De Soya tiene sospesa la navetta, mentre Gregorius e Rettig indossano l’armatura, approntano gli utensili necessari e passano nella camera stagna, il cui portello è già aperto. — Andate — dice de Soya.

Il sergente Gregorius salta giù e il sistema EM della sua tuta entra in funzione proprio un attimo prima che lui tocchi l’acqua. Il sergente e il lanciere planano sul fiume, tenendo pronte le armi.

«Abbiamo sul visore tattico l’immagine del radar di profondità» comunica Gregorius su banda compatta.

«I vostri ritorni video sono buoni» dice de Soya, dal sediolo di comando. «Iniziate l’immersione.»

I due uomini si abbassano, toccano la superficie del fiume, scompaiono sott’acqua. De Soya fa virare la navetta in modo da guardare dalla bolla di destra: il fiume è verde scuro, ma sotto la superficie si scorge il luccichio delle torce applicate sui caschi. «Circa otto metri sotto la superficie» comunica de Soya.

«Trovato» dice il sergente.

De Soya guarda il monitor. Vede fanghiglia turbinante, un pesce con molte branchie che schizza via dalla luce, uno scafo metallico ricurvo.

«C’è un portello aperto» riferisce Gregorius. «La nave è in gran parte sepolta nel fango, ma dal poco che vedo, lo scafo pare delle dimensioni giuste. Rettig rimane fuori. Io entro.»

De Soya prova l’impulso di augurargli "Buona fortuna!" ma si trattiene. Ormai sono insieme da tempo, quanto basta per sapere cos’è appropriato per ciascuno di loro. De Soya orienta la navetta e prepara il rozzo cannone al plasma che rappresenta l’unico armamento della piccola nave.

Il ritorno video s’interrompe appena Gregorius varca il portello. Passa un minuto. Due. Ancora due minuti… e de Soya in pratica scalpita sul sediolo di comando. Quasi s’aspetta di vedere la nave balzare fuori dell’acqua e artigliare lo spazio in un disperato tentativo di fuga.

«Lanciere?» chiama.

«Comandi, signore» risponde Rettig.

«Niente da Gregorius?»

«Nossignore. Credo che lo scafo blocchi la banda compatta. Aspetto altri cinque minuti e… Un momento, signore. Vedo qualcosa.»

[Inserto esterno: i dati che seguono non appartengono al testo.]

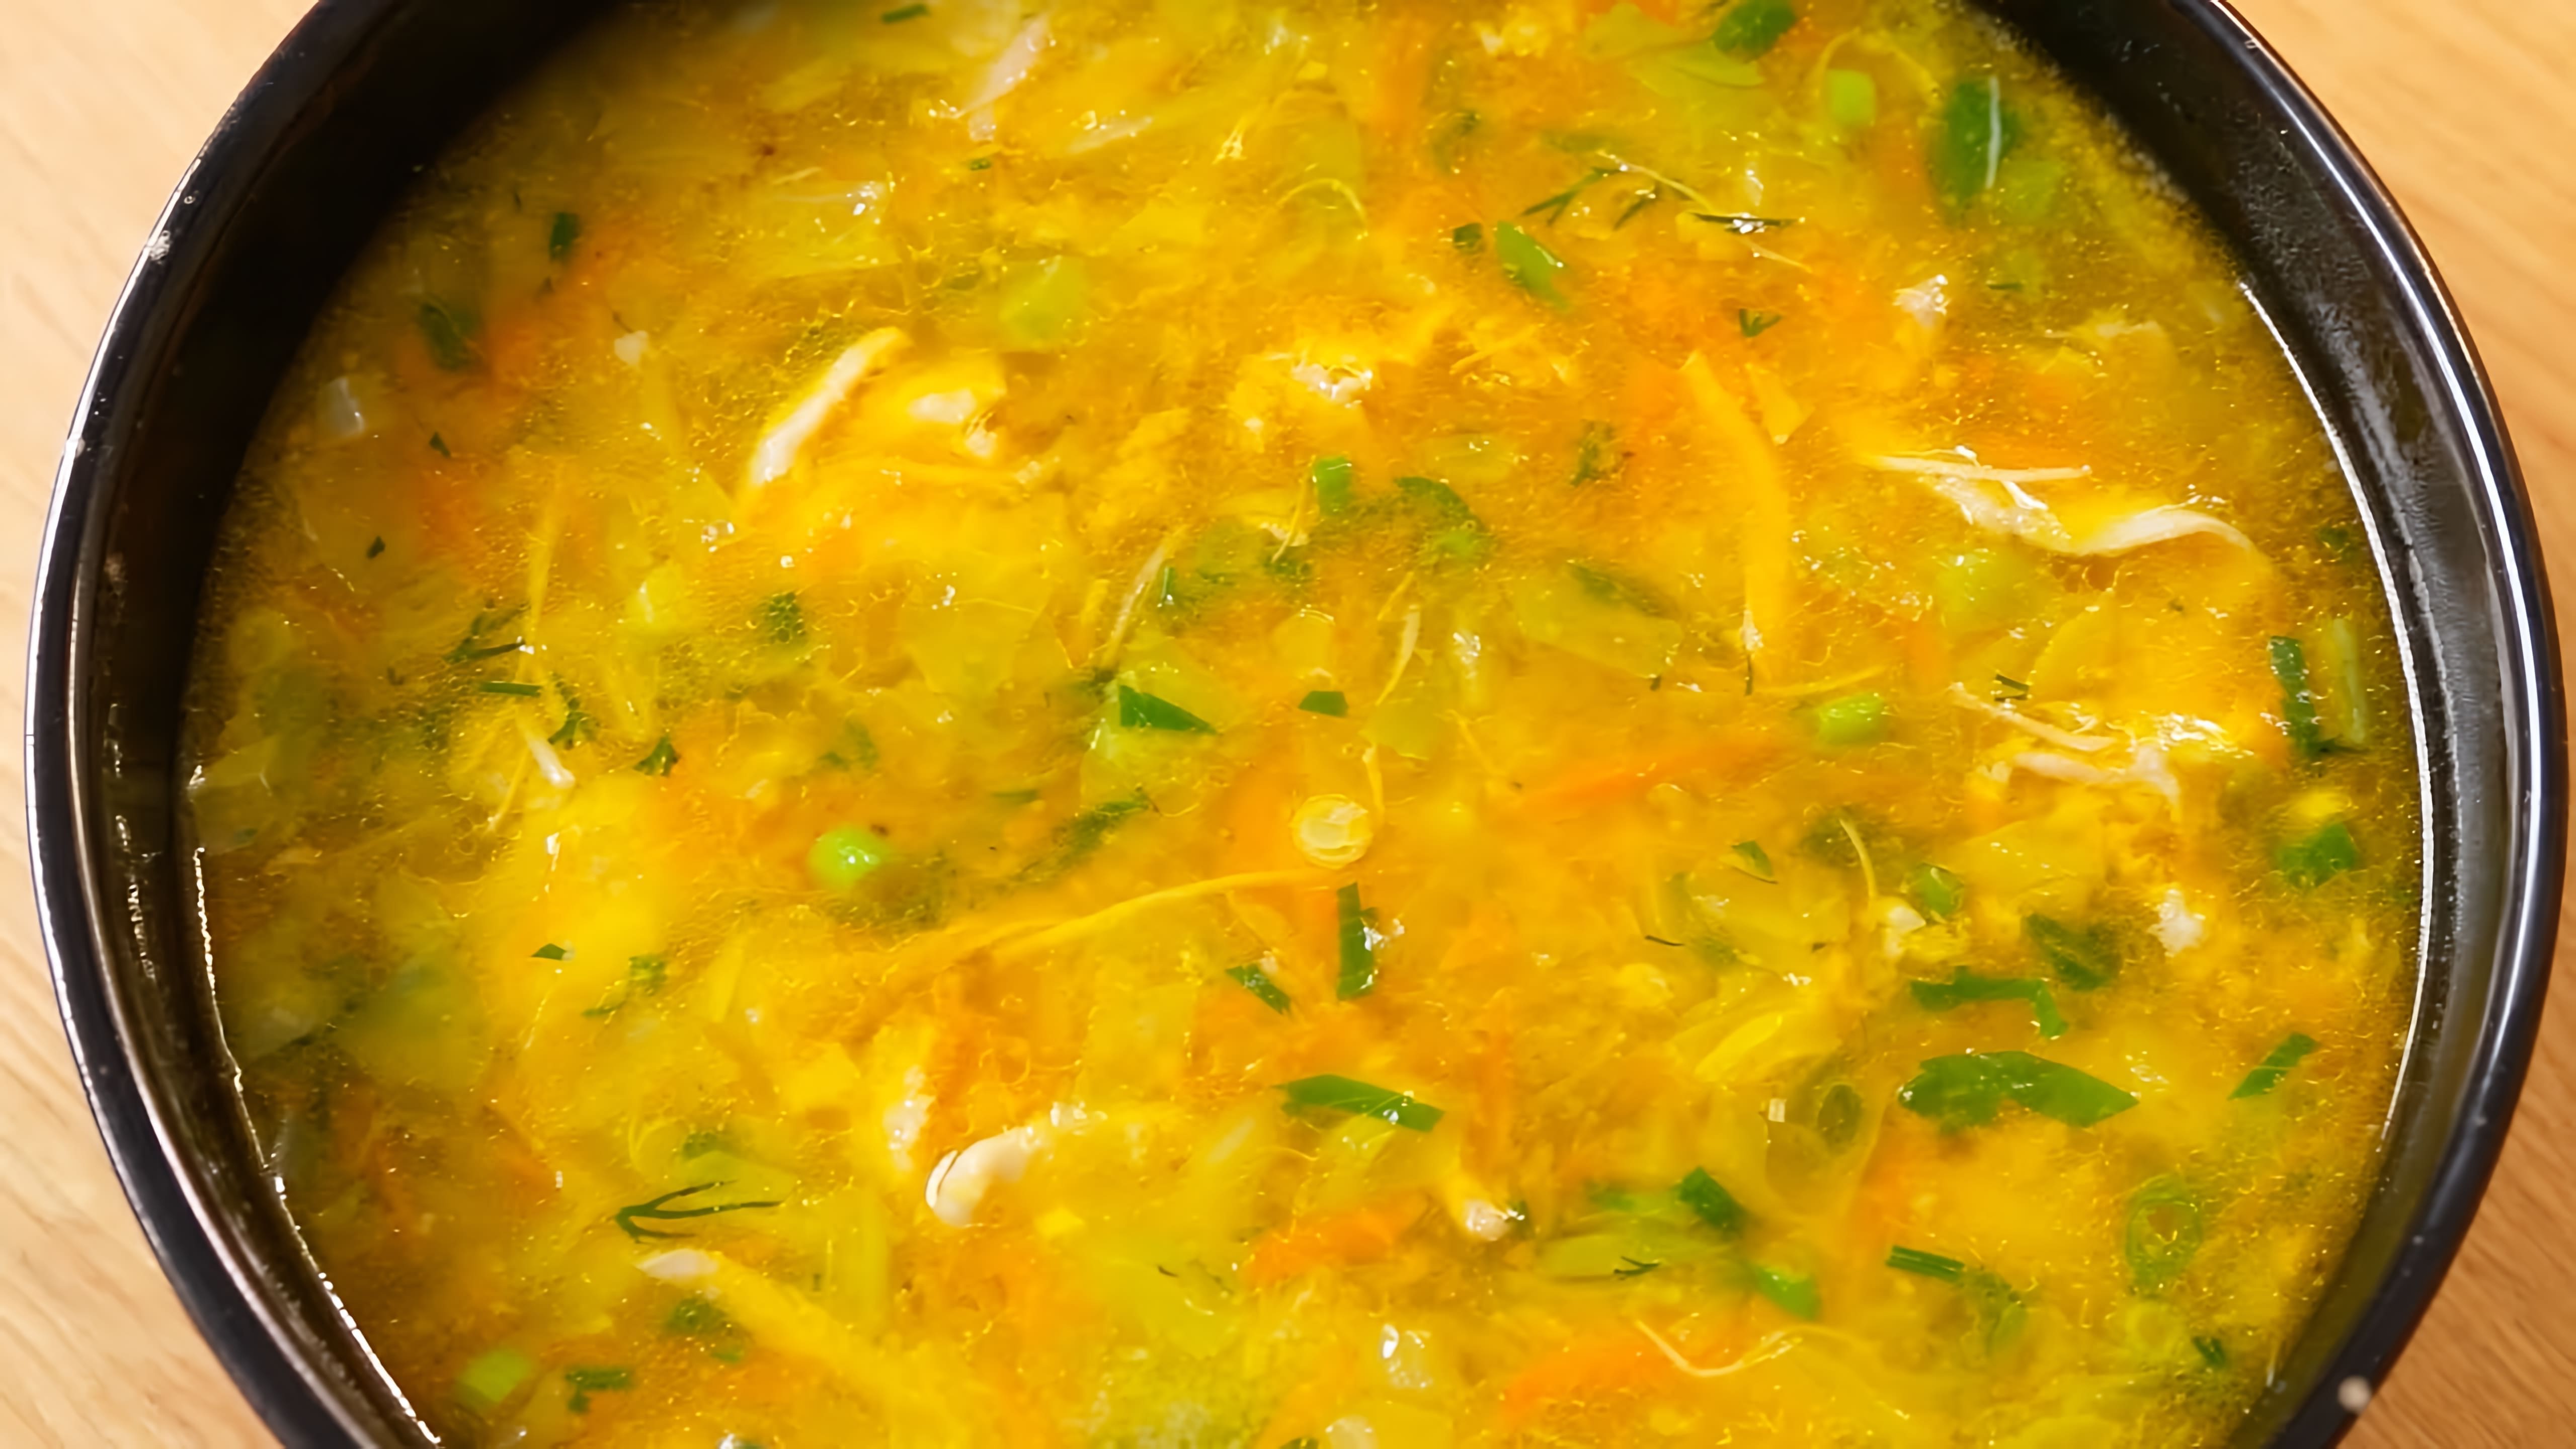 В этом видео демонстрируется процесс приготовления супа из курицы с секретным ингредиентом - манкой

Grazie al video di ritorno del lanciere, anche de Soya vede nel buio dell’acqua torbida il casco, le spalle, le braccia del sergente Gregorius emergere dal portello. La lampada sul casco del sergente illumina alghe e fanghiglia; il fascio luminoso ondeggia e per un attimo acceca la telecamera di Rettig.

«Padre Capitano de Soya, non è la nave giusta, signore» brontola Gregorius, solo un tantino a corto di fiato. «Credo che sia uno degli antichi yacht polivalenti usati dai ricchi al tempo della Rete. Fungevano anche da sommergibili… e potevano anche volare un poco, credo.»

De Soya lascia uscire il fiato. «Perché è sul fondo, sergente?»

La sagoma in armatura alza il pollice, rivolgendosi a Rettig, e i due risalgono in superficie. «Credo che l’abbiano affondato deliberatamente, signore» risponde Gregorius. «Ci sono almeno dieci scheletri a bordo… forse dodici. Due di bambini. Come dicevo, signore, quell’affare era adatto a galleggiare su ogni oceano, anche a fungere da sommergibile se necessario, quindi non è possibile che tutti i portelli si siano aperti accidentalmente, signore.»